他看准时机,齿缝忽然吐出刀片,愤力一划。
但他扑了个空。
谢元嘉早有防备,轻飘飘地侧身一躲,掐住他脖颈,将他摁实在床榻上,反手用褪下的外衣将他捆得严严实实。
阿武要挣扎,愤而发觉自己使不上力,怒目圆睁。
“少瞪着孤了。你越是用力,毒发就越快。”
“你何时下的毒!”
谢元嘉一笑,并不答话。
阿武骤然想起她笑吟吟喂自己喝下的那杯酒,背后冷汗频出,“你,你竟在酒里下毒,你方才就对我有所防备了?那你还——”
还装模做样地听他哭诉身世,还佯似动情。
“当然。长夜漫漫,有人编些故事特意来讨孤的欢心,为何不听。”
谢元嘉起身,整好衣裳,“想杀我,你们的手段未免也太拙劣了些。还庭州来的清倌。有这么健硕的清倌么?”
她觑过他饱满的胸膛,“你分明是军户。”
披帛缠上他脖颈,谢元嘉用力,勒得他满脸涨红,逼得他立起身来,“说。谁派你来的。”
阿武一脸怨毒,忽而笑出来,“三殿下。”
谢元嘉随手抄起床头瓷瓶,砸他头上,面若冰霜,“还不说实话。”
阿武头上鲜血直流,糊了他的眼,他头晕目眩,却仍道:“不是三殿下是谁呢。庭州还有谁恨毒了殿下您,会如此大费周章地派人来杀您呢。
“啊,我知道了——”他一脸的血,笑起来分外可怖,“怪不得。大殿下早就识破了我的身份,却还陪着我将戏演下去,特意摒开众人来此,是为了替我们殿下遮掩啊。”
“污蔑皇子,你可知该当何罪么,诛九族都够了。”
“那大殿下为何不将我交由刑部处置,要私下审问于我呢?不就是怕此事闹大被陛下知晓,三殿下好容易得诏回京,又得受罚了么——”
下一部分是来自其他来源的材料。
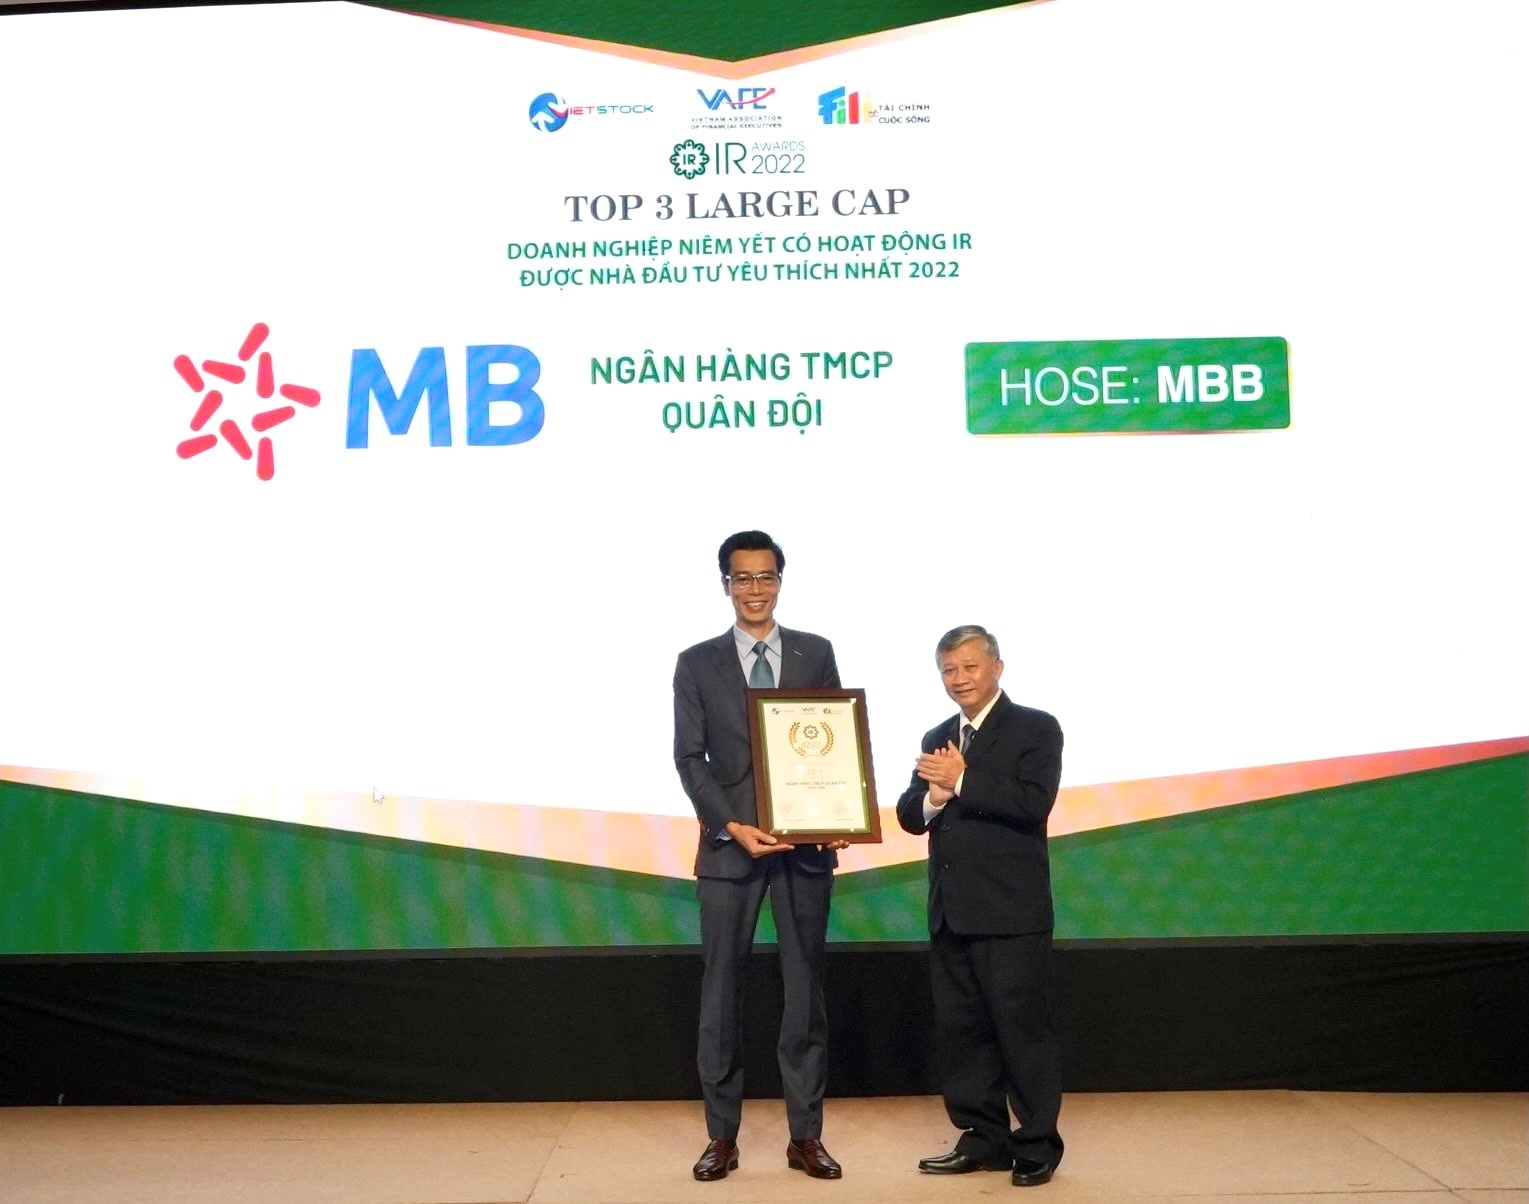 MB selected as Top 3 favoured listed company by investors

披帛骤然收紧,阿武的话断在半空,脸由红转紫,几乎要窒息而亡。
“你话有点太多了。”谢元嘉手上力气加重。
她并不相信老三会派人来杀她,就算他要杀她,想来也该自己动手,怎会派这么个上不得台面的来。
她想过留个活口好好审问,但若叫母皇得知,不知又得留下多少后患,索性杀了,一了百了。
幕后主使既想杀她,有了第一回就有第二回,迟早会露出马脚。等到阿行回京,他们见面后再行筹谋不迟。
她正要痛下杀手时,忽觉脊背刺痛,酥麻的感觉流遍全身,钉在原地一动不能动。